During climb milling, cemented carbide cutter blade from cutting maximum chip thickness at the start. This can reduce the heat and weakened by hardened tendency to avoid polishing lotus effect. Application maximum chip thickness is very favorable, and the cutting force is easier to push the workpiece cemented carbide cutters, cemented carbide cutter blades so that the cutting action.

During milling, chip breaking sometimes bonded or welded to the cutting edge, and will gather around the start of the next cutting edge. When up milling, chip breaking more easily trapped or wedged between the blades and the workpiece, which will cause the blade to rupture. And When climb milling, the same chip breaker will be split into two, so as not to damage the cutting edge.

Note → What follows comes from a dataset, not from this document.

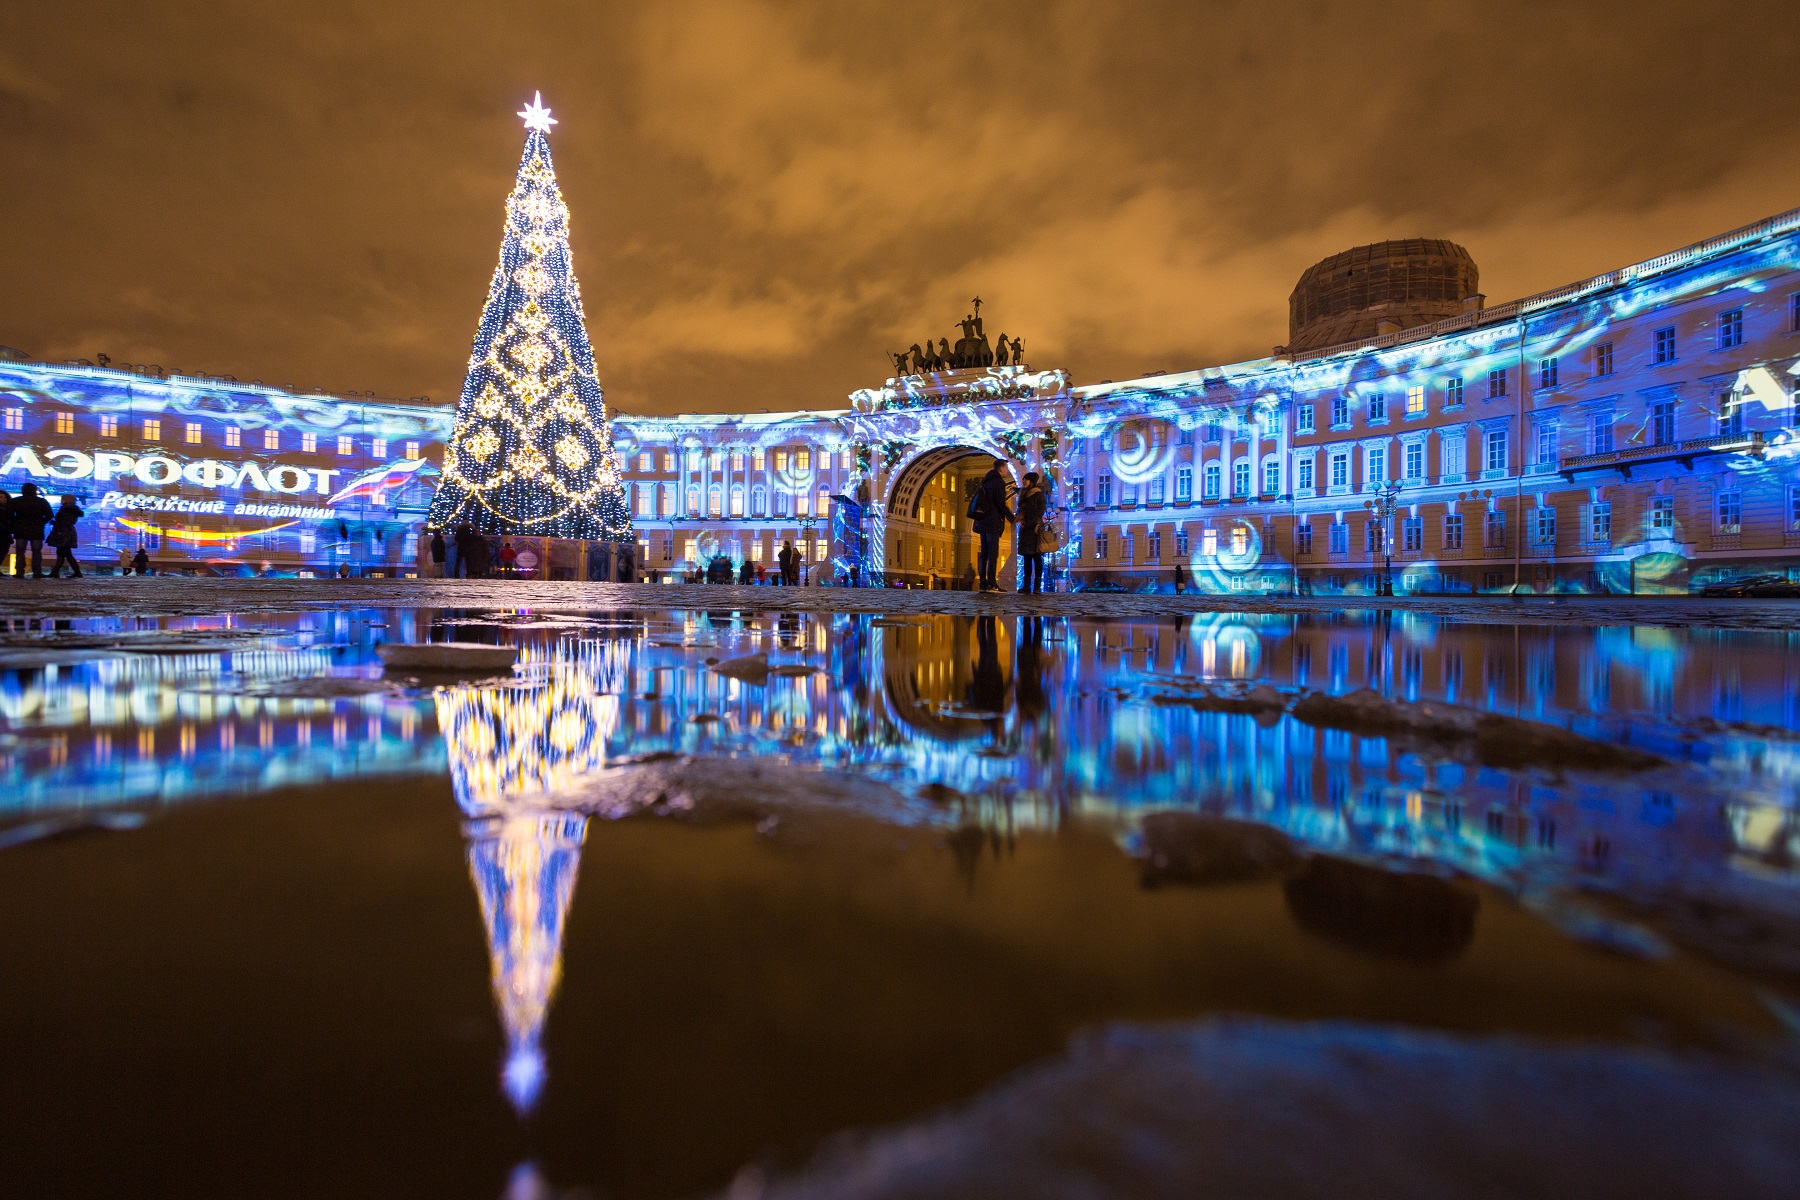 Новогодние туры в Санкт-Петербург

Cemented Carbide Milling Cutter Direction

Cemented carbide milling direction when Climb milling is generally divided into two kinds, and milling. Climb, also known as co-milling, milling, also called reverse milling. When cemented carbide cutter during climb milling, feed direction of the workpiece and the cutting cemented carbide cutter rotation direction of the same region. Chip thickness will be gradually reduced from the beginning until the end of the incision during milling around the full length of zero; when cemented carbide cutter during milling, feed milling direction and the direction of rotation of the workpiece opposite the cutting area . Chip thickness begin to zero, and then gradually increase as the cutting process. During milling, cutting cemented carbide cutter blades start from zero at the chip thickness, which will produce a high cutting forces, thus promoting cemented carbide cutter and workpiece away from each other.

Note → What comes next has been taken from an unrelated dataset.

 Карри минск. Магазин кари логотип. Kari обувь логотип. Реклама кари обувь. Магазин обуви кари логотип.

Coated Cemented Carbide Tool Physical Vapor Deposition Coating Preparation

Coated cemented carbide tool production method of physical vapor deposition methods, it is to rely on physical processes, to achieve material atoms from the source material to the deposited coating controllable transfer process, is depositing a coating on the molecule, scale atoms. Compared with chemical vapor deposition coating techniques, physical vapor deposition coating techniques are physical vapor deposition techniques deposition temperature is low, can at 200 ~ 600 ℃ and other superhard TiN coating deposition below, it will not reduce the base material of the original flexural strength, between coating and substrate does not occur η phase, so no special carbide materials, wider range of applications; carbide coating coated tool having a fine structure, generated internally in the coating stress, anti-crack ability; coated surface is smooth, better than the chemical vapor deposition coating effectively prevents cross crack rake face, but also can reduce the friction coefficient; you can use the sharp edge of the tool as a matrix, this is very important advantages for high-speed cutting.

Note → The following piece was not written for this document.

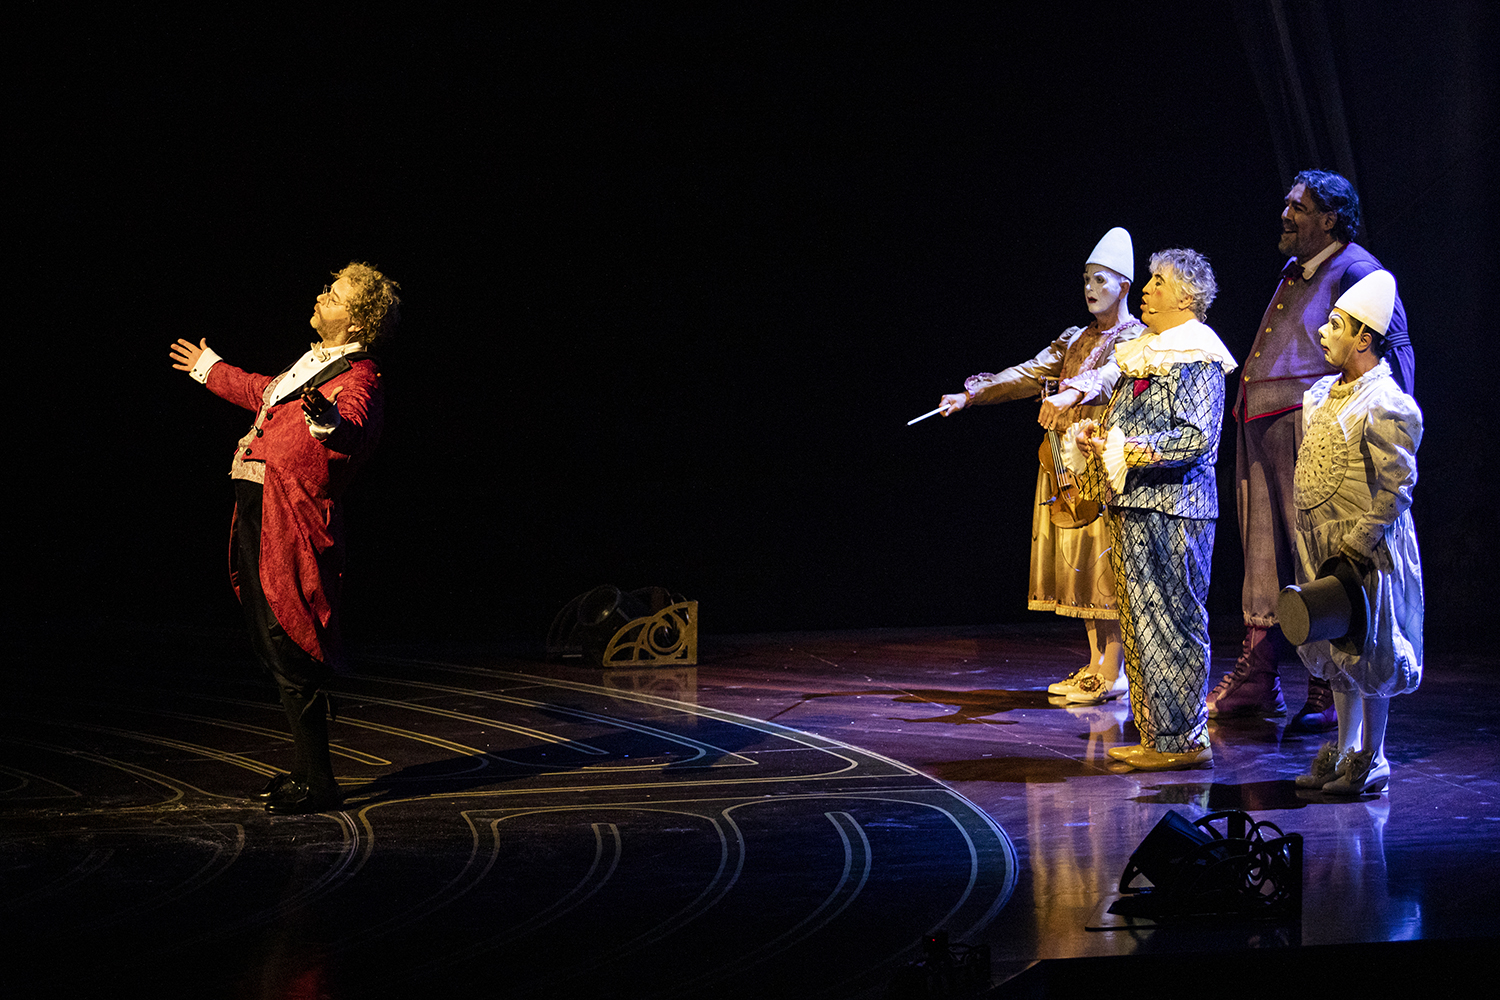 Cirque du Soleil vuelve a México con el espectacular show "Corteo" 5

Tungsten Carbide Coated Tool Multilayer Coating Structure

With the advancement of technology, machining technology advances, single-layer coating has been unable to meet the job requirements of tungsten carbide coated tools. The method of forming a multi-layer structure can take advantage of a single-layer coating in excellent mechanical properties of the original advantage of the conditions to further improve its hardness, toughness and high temperature oxidation resistance, is to improve Carbide Coated Cutting Tools important technical measures. Single Al2O3 coating has many fine performance, but the combination of strength Al2O3 single poor coating and the substrate, on the substrate by depositing a layer of TiCN or (Ti, Al) N (e.g. TiCN / Al2O3, TiAlN / Al2O3) can significantly improve the bonding strength of Al2O3 coating and tool performance is greatly improved.